In another embodiment, sample pinching face parameters may be randomly generated; and then, rendering the human face based on the sample face pinching parameters to obtain a sample virtual object image corresponding to the sample face pinching parameters.
Specifically, based on the sample pinching face parameter, a sample virtual object image corresponding to the sample pinching face parameter may be obtained by: firstly, based on the sample pinching face parameter, reconstructing face information by using a preset rendering engine to obtain reconstructed face information corresponding to the sample pinching face parameter; and then, generating a sample virtual object image corresponding to the sample pinching parameters based on the reconstructed human face information corresponding to the sample pinching parameters. Therefore, the sample virtual object image can be generated quickly by using the preset rendering engine, and time and labor are saved.
Wherein the reconstructed face information corresponds to a three-dimensional face model that may be determined based on the sample pinch parameters. Specifically, the three-dimensional face model may be determined based on the parameter value corresponding to the sample face-pinching parameter, and further, the sample virtual object image corresponding to the sample face-pinching parameter may be generated through a conversion relationship between a three-dimensional space and a two-dimensional space.

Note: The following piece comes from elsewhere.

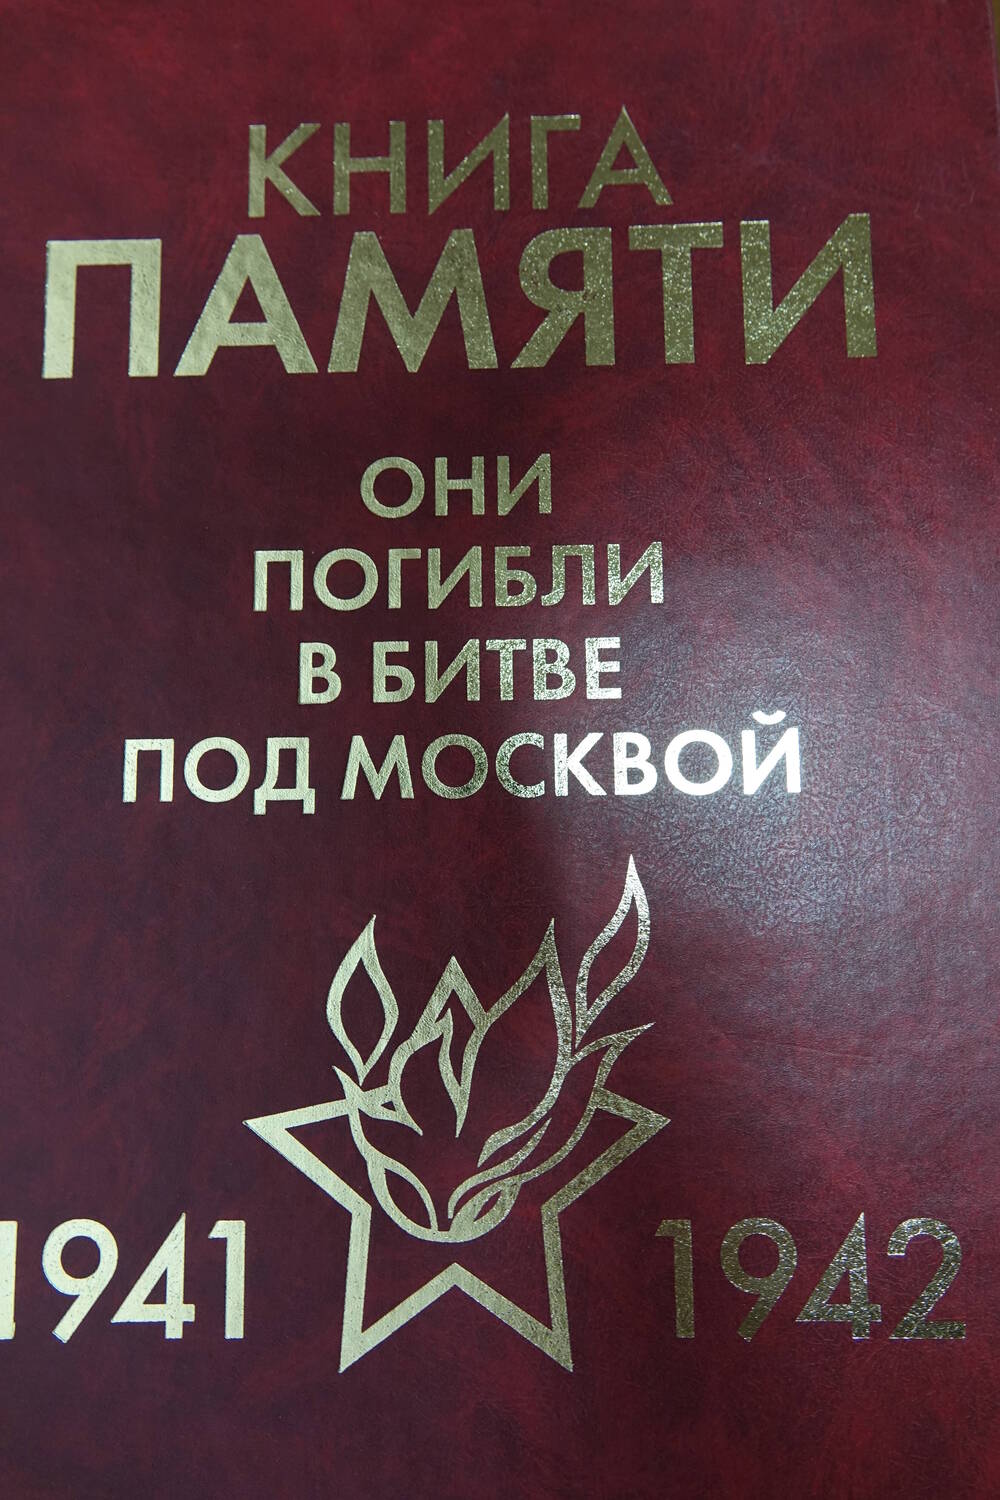 Книга Памяти «Они погибли в битве под Москвой 1941-1942гг.» Том 1 «А»

For example, in the field of game technology, the preset rendering engine may be a game engine.
A detailed description will be given below of a specific embodiment of generating the pseudo label of the sample target image from the sample target image, the sample virtual target image, and the sample pinch parameter corresponding to the sample virtual target image in S102. Specifically, it can be realized by S201 and S202 shown in fig. 2.
In S201, model parameters are updated for the first regressor based on the sample virtual object image and the sample pinching parameters.
In one embodiment, a sample virtual object image may be input into a first regressor, resulting in a first predicted pinching parameter; then, the model parameters of the first regressor are updated according to the first predicted pinching face parameters and the sample pinching face parameters corresponding to the sample virtual object images.
In S202, a pseudo label of the sample object image is generated by the first regression unit obtained after the model parameter is updated according to the sample object image.
In one embodiment, the sample object image may be input to the first regressor obtained by updating the model parameters to obtain the second predicted pinching parameters, and the second predicted pinching parameters may be used as the pseudo labels of the sample object image.
A detailed description will be given of a specific embodiment of updating the model parameters of the first regressor based on the first predicted pinching parameters and the sample pinching parameters corresponding to the sample virtual target images. Specifically, the method can be realized by the following steps (1) and (2):
(1) and calculating a first loss function according to the first predicted pinching face parameter and the sample pinching face parameter corresponding to the sample virtual object image.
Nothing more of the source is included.